Re: The Olympus 12mm field curvature vs. soft corners.
Bassam Guy wrote:
I don't really care about what shape the front element has, all I care about is the rearmost element - the sensor and what it creates. I've used this lens a bit for a couple weeks, in Times Square, Coney Island, in woodsy areas while hunting for my lost cat, and my brother-in-law's back yard.
It does great. I did buy a hood at B&H while in NYC (as I was obviously there). Only once, with the hood off, could I coerce some chromatic abberation from a low bright sun peeking through some trees. The flare was non-existent.
This is a damn good lens and I'll post some samples when I get home.
I won this new on eBay, with my lone opening bid of $400, so I can't say it was too expensive. I find it sharp from center to edge. Curiously, the edges were only sharp when they were in focus, duuh. Sure, it distorted in Times Square when pointed up but that's what I expected.
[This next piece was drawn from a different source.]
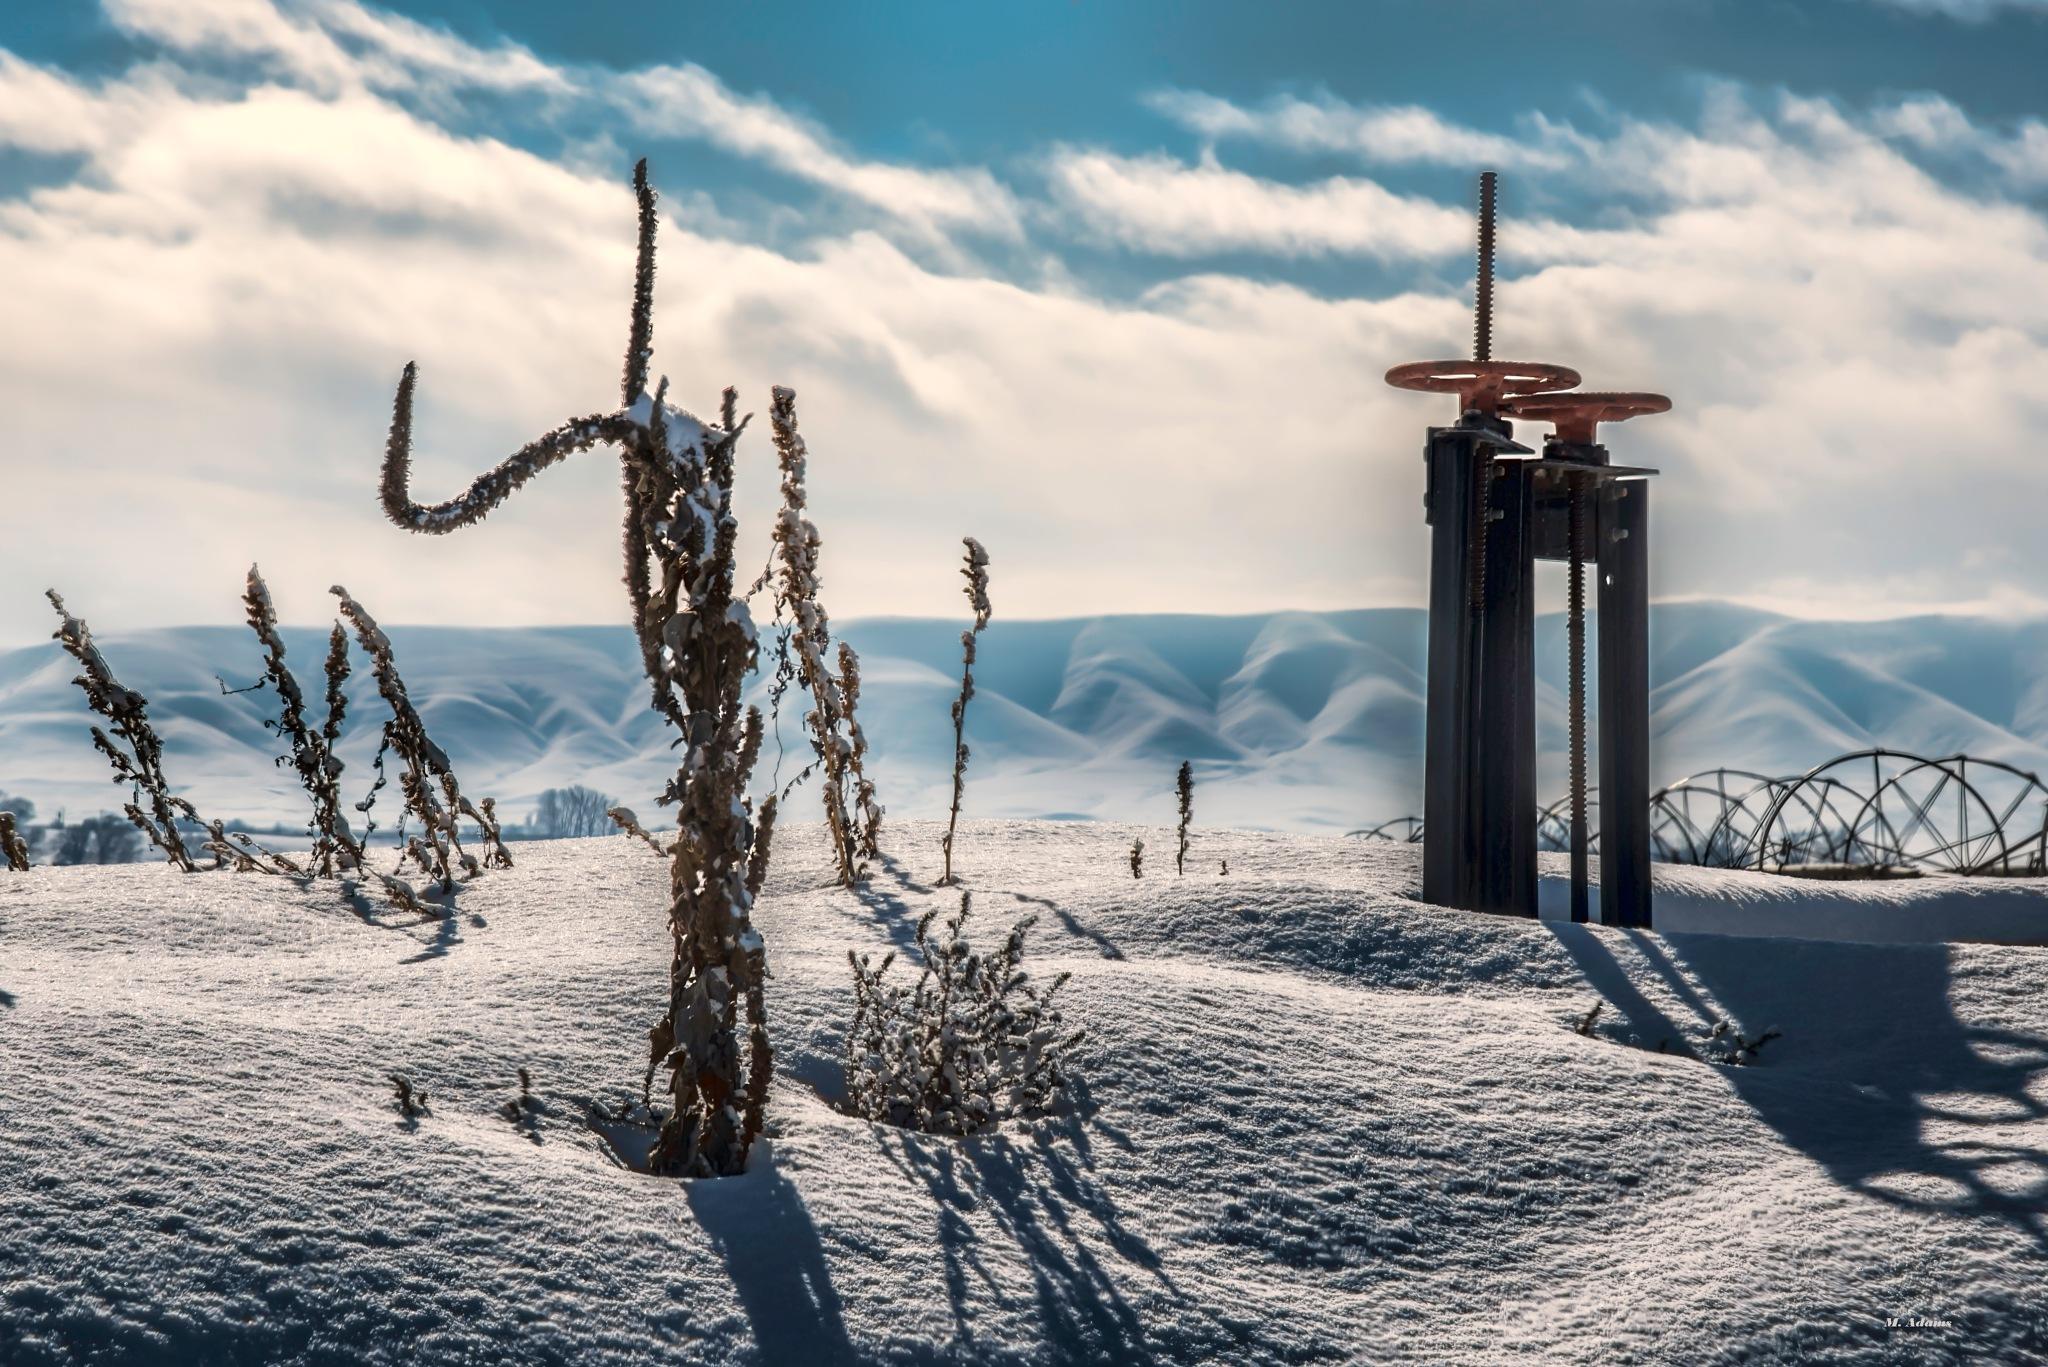 Rural Winter by Mike Adams

I did read a few very positive reviews on this lens, and only a few negative ones where I didn't think the reviewer(s) knew how to test wide angle lenses: focusing on the center and expecting edges to be in focus (despite the greater distance), angling it up and expecting undistorted results, etc.
This thing has great colors and is sharp. Just shot 150 keepers of 170 pix with it at my sister's birthday party Saturday. Cropped, a little white balance, a few vibrance and tonal adjustments, and I had a slideshow to surprise her with Sunday ready in a couple hours.
What serious criticism have you seen?
I've been around a while to see the comparisons, inevitably to the Olympus 12-40 and Panasonic 7-14 which do not have such aberration at 12mm, but neither lens option offers a sharp enough frame not to care at 12mm. At print size even as large as 30" prints which I've tested you can't notice the MTF drop off. I suppose you might be able to if you were sticking your nose up against it with a loupe, but who even really is that much of a pedant?
The other complainants seem to raise the issue of price. I raised the issue of this aberration on the basis that the now highly expensive Olympus 7-14 pro lens has a worse aberration to the corner of the frame so it can't really be said that this is a bad lens in that regard based on price. In the context I think some people just want to complain.
If you wait around you can find this lens for around $500, I did, so I don't think it is priced outside affordability. There is some degree of sample variability with this lens, but as I keep saying even when buying on ebay there is the toss it back option of INAD (item not as described) so you can't really lose.
It's a damned good lens, the distortion that it does have is easily correctable as there is a slight barrel distortion with no pillow top. DXO has an auto correcting profile for this lens also to save the hassle.
It's fast enough to shoot into the twilight zone or at night with good lighting and maintain solid shutter speeds even at ISO100 and sharp past good MTF results all the way from F/2 to around F/5.6. I have no complaints what so ever with this lens.
Some people will walk past it, it's their own loss.